Rule of Law

President Trump Misunderstands SCOTUS Recusals

Earlier this week, President Trump tweeted that Supreme Court Justices Ginsburg and Sotomayor should recuse themselves from “Trump, or Trump related, matters.”  With so many challenges to Trump Administration policies working their way through the courts, and cases about subpoenas for his personal financial records already at the Supreme Court, it’s not surprising that the President might be looking for reasons that the Court’s less conservative Justices shouldn’t hear those cases.  But here, as in so many other areas, the President doesn’t seem to understand just how the Supreme Court works.

The President’s tweet was prompted by a recent dissent by Justice Sotomayor, in which she called out her colleagues for repeatedly granting stays that allowed Trump Administration policies to go into effect.  The particular stay decision from which she dissented involved a new Trump Administration rule, which would redefine the term “public charge” to make it easier to exclude immigrants from the country, an issue on which the Constitutional Accountability Center has filed multiple amicus briefs.
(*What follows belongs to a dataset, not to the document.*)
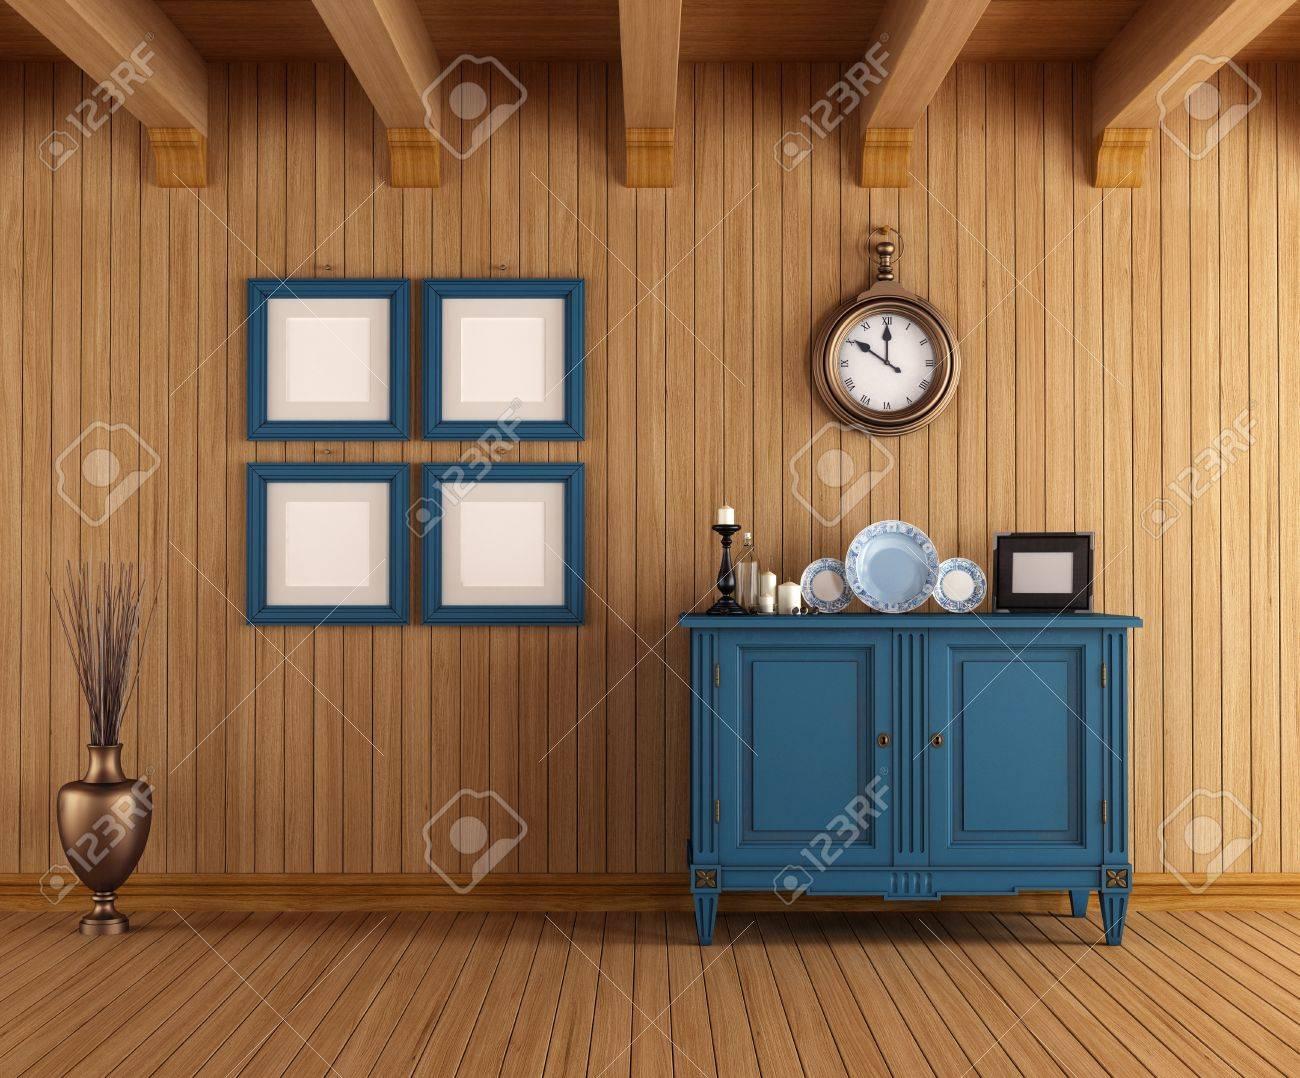 Case Di Campagna Interni : Immagini stock interni in legno di una casa di campagna con comò

But Sotomayor’s point was more general. “The Court’s recent behavior on stay applications has benefitted one litigant over all others,” she wrote, referring to the federal government. “I fear that this disparity in treatment erodes the fair and balanced decisionmaking process that this Court must strive to protect.” (It’s unclear why the President included Justice Ginsburg in his tweet, though perhaps it was prompted by comments she made about then-candidate Trump during the 2016 primary cycle.)
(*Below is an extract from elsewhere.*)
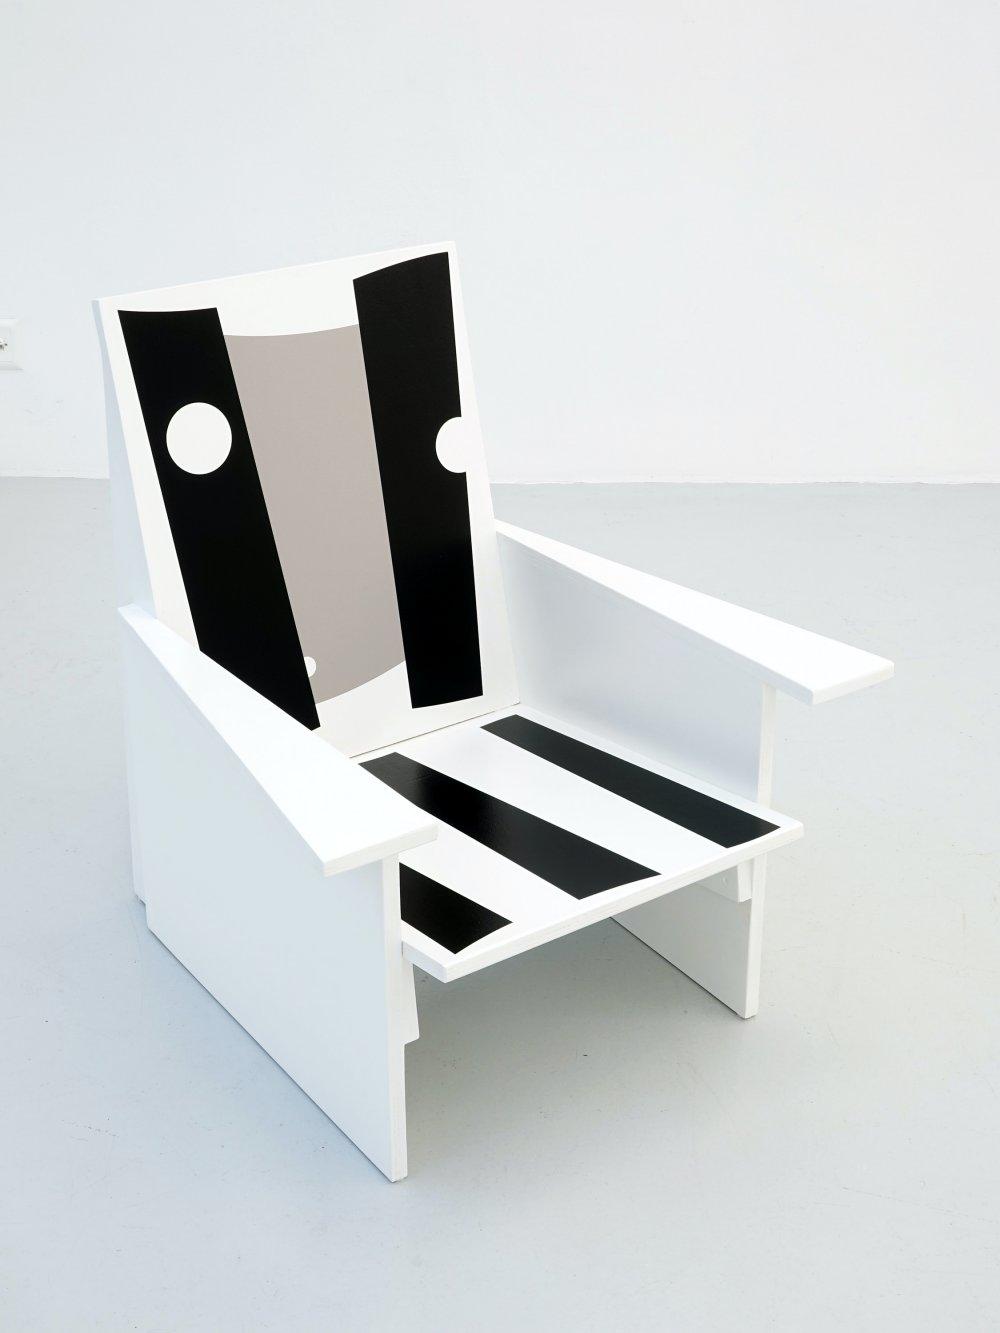 Armchair/Object

To the President, this is grounds for recusal.  But the actual recusal rules for the Supreme Court tell a different story.  While some Court watchers have made compelling arguments that there should be more robust conflict of interest and recusal rules for the Supreme Court, a statute first enacted in 1948 appears to apply to Supreme Court Justices. The statute provides that “[a]ny justice . . . shall disqualify himself in any proceeding in which his impartiality might reasonably be questioned.”  (Although there is a separate written code of conduct for lower court judges, that code does not apply to the Supreme Court.)
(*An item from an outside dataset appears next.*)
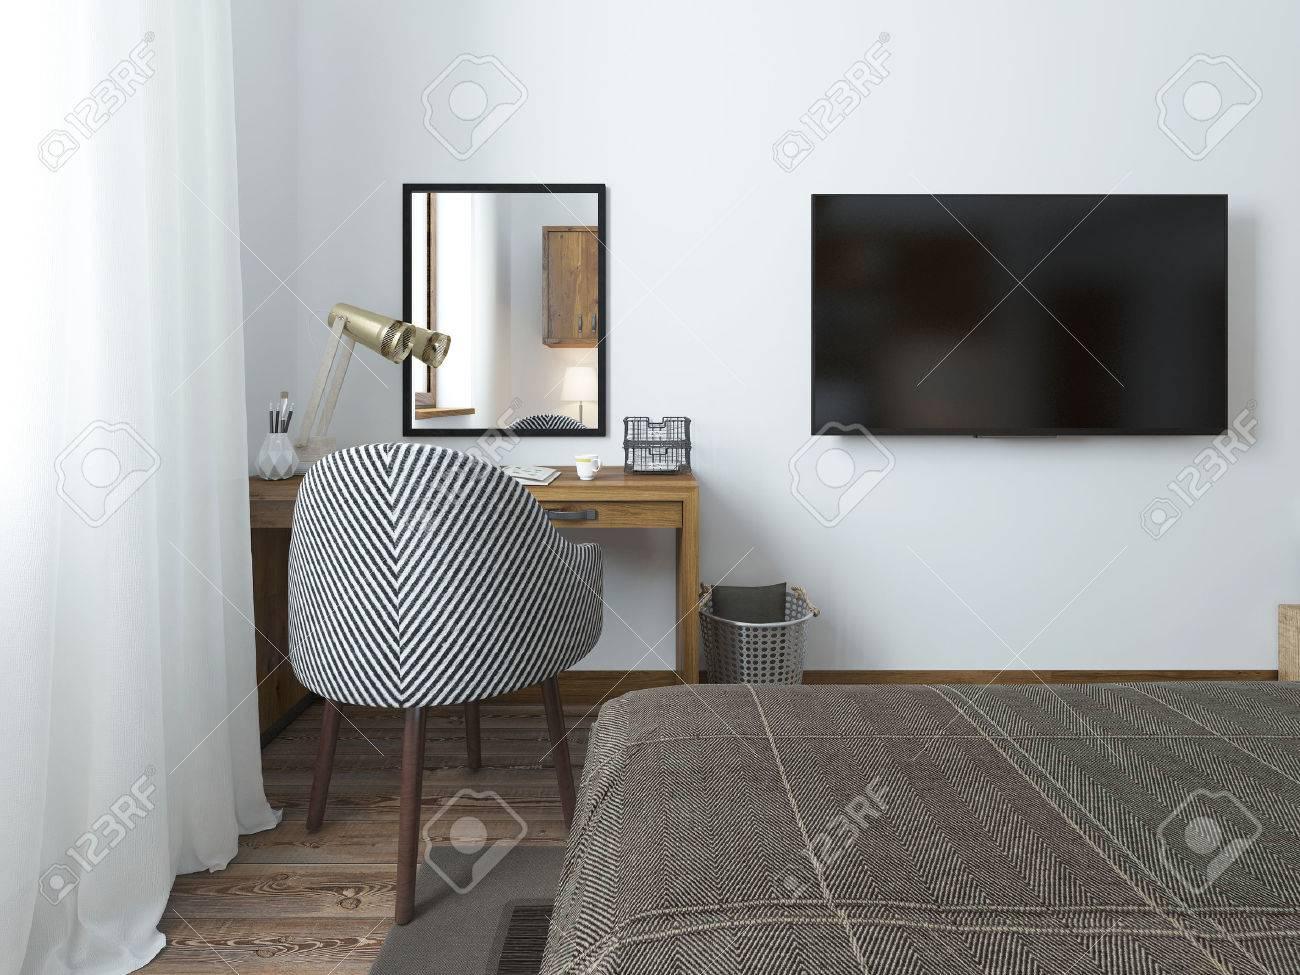 Television Colgada Good La Televisin Puede Ir Colgada En La Pared

That statute lists several specific circumstances that warrant disqualification. First, Justices should recuse themselves when they have worked on a particular case in another capacity, whether that was as a lawyer or judge, or as a government employee where he or she served as “counsel, adviser, or material witness” to the case. This kind of recusal has happened numerous times in the recent past. For example, between 2005 and 2015, Justice Kagan recused herself more than forty times because she had worked on cases while she was Solicitor General for President Obama. Additionally, Justice Sotomayor recused herself when she had already heard arguments on a case as a judge for the Second Circuit Court of Appeals, as did Kavanaugh, in three cases in which he participated at the D.C. Circuit

Second, Justices should recuse themselves in cases when they have a personal financial interest in the case, which includes “ownership of a legal or equitable interest” in a party. Chief Justice Roberts has recused himself at least nine times because of stock ownership, and Justice O’Connor also disqualified herself from cases involving telecommunications because she owned stock in AT&T.  Other Justices have recused for this reason as well.

Finally, Justices should recuse themselves when they have a familial or personal tie to the party or the lawyer. Recusal on this ground predates the statute and occurred at least as early as 1816, when Justice John Marshall recused himself in Martin v. Hunter’s Lessee because he and his brother had contracted with one of the parties over the land at issue. More recently, in United States v. Virginia, Justice Thomas recused himself because the policy at issue dealt with the military institute where his son attended school, and in a 2001 death penalty appeal, three Justices recused themselves because the victim’s son had worked for them.

Clearly, none of these circumstances—nor any other circumstance that legal ethicists could point to in good faith—are at play here. Instead, this was a Justice making an observation, as she saw it, of the posture of her conservative colleagues in similar cases over recent Terms. Sotomayor’s observation has been confirmed by quantitative analysis. Hardly “inappropriate,” it is instead the core of a Justice’s work. By contrast, in another example of President Trump completely disregarding how the Supreme Court functions, he is attempting to divert attention from the facts Justice Sotomayor pointed out to tilt the playing field in his favor.